[Task directions]
The stretch wanted below opens at the line containing "keith haring died" and closes at the line containing "Used 2016 Porsche". Please return it exactly, with no other lines.
Top of Dataset records
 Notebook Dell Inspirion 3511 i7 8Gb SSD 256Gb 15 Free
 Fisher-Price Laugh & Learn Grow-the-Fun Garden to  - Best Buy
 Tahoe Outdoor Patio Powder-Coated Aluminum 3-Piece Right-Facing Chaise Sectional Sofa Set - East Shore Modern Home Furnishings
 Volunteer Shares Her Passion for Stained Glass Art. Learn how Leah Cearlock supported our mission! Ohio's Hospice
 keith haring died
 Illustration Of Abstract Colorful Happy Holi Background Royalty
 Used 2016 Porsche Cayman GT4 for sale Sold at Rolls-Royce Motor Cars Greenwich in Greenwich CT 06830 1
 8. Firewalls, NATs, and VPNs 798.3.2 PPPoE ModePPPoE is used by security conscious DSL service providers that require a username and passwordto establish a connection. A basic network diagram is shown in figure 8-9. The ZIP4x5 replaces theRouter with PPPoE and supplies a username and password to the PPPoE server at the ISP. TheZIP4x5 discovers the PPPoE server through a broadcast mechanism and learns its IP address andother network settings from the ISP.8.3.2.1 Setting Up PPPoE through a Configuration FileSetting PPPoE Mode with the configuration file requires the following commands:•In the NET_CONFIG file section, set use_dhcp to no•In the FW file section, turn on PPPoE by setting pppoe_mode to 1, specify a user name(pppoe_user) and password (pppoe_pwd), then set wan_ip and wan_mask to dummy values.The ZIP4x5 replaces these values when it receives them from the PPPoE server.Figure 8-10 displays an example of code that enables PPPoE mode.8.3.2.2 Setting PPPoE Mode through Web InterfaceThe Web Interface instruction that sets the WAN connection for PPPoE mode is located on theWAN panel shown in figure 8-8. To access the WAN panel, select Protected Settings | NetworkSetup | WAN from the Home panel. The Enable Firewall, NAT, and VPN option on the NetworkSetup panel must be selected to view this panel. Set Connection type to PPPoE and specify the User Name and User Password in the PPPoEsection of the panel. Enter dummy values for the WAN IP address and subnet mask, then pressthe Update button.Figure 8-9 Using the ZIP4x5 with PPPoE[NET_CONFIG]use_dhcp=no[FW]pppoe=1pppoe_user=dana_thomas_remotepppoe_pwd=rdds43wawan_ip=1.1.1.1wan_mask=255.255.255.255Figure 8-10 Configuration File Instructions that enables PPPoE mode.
Bottom of Dataset records
[Exercise output]
 keith haring died
 Illustration Of Abstract Colorful Happy Holi Background Royalty
 Used 2016 Porsche Cayman GT4 for sale Sold at Rolls-Royce Motor Cars Greenwich in Greenwich CT 06830 1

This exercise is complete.